As readers of the Semi-Spew could guess, I don't disagree. I don't think there is a single best way to promote one's work. I use a portfolio approach (or a shotgun approach), where I try to share my stuff in a variety of ways. Sure, I tweet and I blog (the twitter conversation sure pooh-poohed blogs, but the Semi-Spew and posts I put up elsewhere certainly get more eyeballs than most academic articles). But I also do conventional media, appear at conferences, give talks, chat folks up.
My list of things I don't do to self-promote is easier to write than the stuff that I do.
1. I don't email blast folks about what I have been doing.I don't regard email as a broadcasting system, but as a way to communicate professional and/or personally with individuals and small groups about stuff. But mostly not self-promotion. Sure, I do inform some folks about things I am doing via email, but that is mostly chit-chat and not efforts to get folks to read my stuff.
Why seek to share one's stuff? Fortune and glory, kid, fortune and glory. Actually, no. For younger folks, it is about survival--that tenure letters, invitations to workshops and small conferences, networking opportunities all are better if folks know who you are and what you are doing. For older folks like myself, who have few moves left and no more promotions, it is something else. For me, as I receive government money for my salary and for my grants, I feel obligated to disseminate my work (many grants require "knowledge mobilization plans).
Most importantly, as a scholar, I feel that it is not enough to "create knowledge" (that high falutin' phrase always triggers me a smidge)--that once one has an idea, part of the job is to share it. With students, with peers, with relevant audiences. So, it is not just about self-interest but about identity, obligation and norms. It really is in the job title: professor. To profess means to say or to declare (the online definitions then include "sometimes falsely" which is not supposed to be what professors do). Our job is to learn and then to share what we learn. So, self-promotion is not just about advancing one's career, although that is certainty part of it, but it is also about doing the job.
There is much one can say about this basic challenge--that academic work does not speak for itself--so this conversation will continue. The one thing I would add is that it is not just about self-promotion but other-promotion.
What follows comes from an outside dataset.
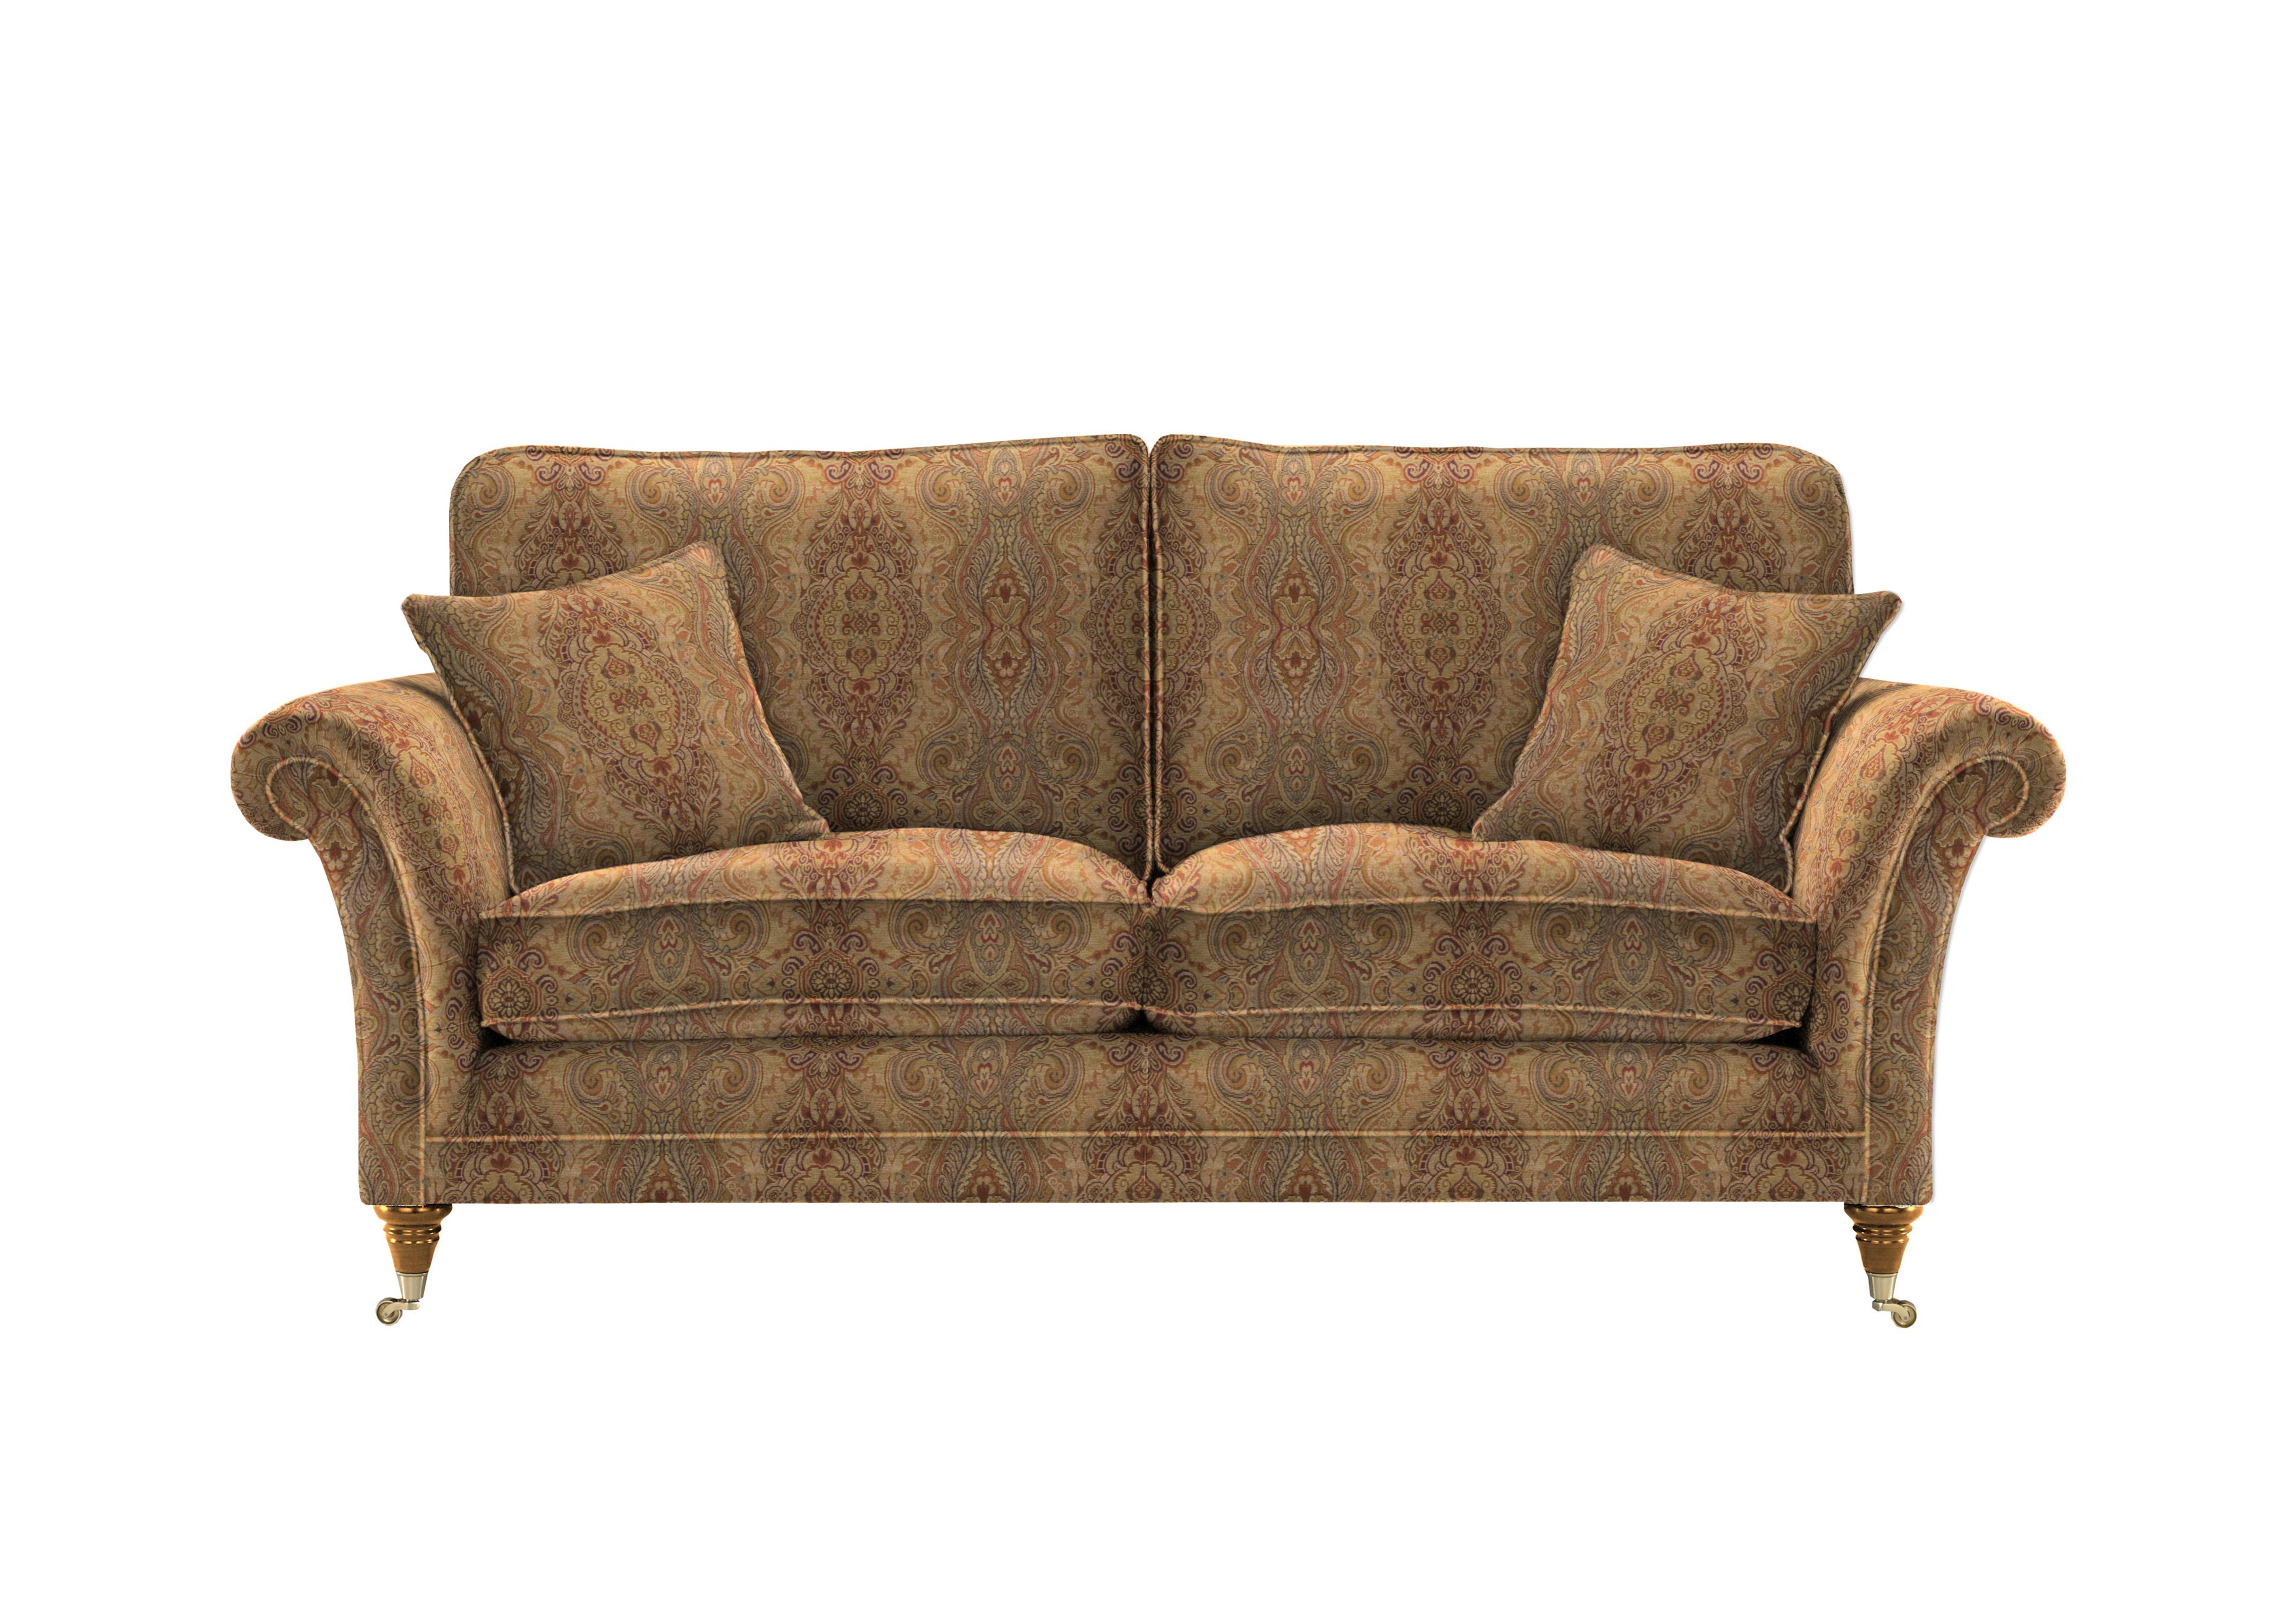 Burghley Large 2 Seater Fabric Sofa in 050026-318 Baslow Medalli Gold on Furniture Village

I don't read as much as I should, but when I find stuff that I like, that impacts me, I do promote it. Especially, these days, if the work is by folks who are underrepresented. Hence my lists of best books that often tend to be focused on the contributions of female scholars.
Can there be such a thing as too much self-promotion? Probably, but the current debate suggests that the bigger problem is too little self-promotion.
Whether the meaning of professing encompasses self-promotion or not, I agree with the gist of Steve's post. Allowing your work to be "discovered" may have sufficed in the genteel days of Ivy academia in the 19th or early 20th centuries, it hasn't for some time. Not only do the careers (read job trajectories) of individual scholars depend on being known (perhaps more as name recognition than for the substance of one's work), the fortunes of their institutions do as well. Reputational indeces redound to the institution's standing and institutions reward individual academics for their contributions to good reputation scores.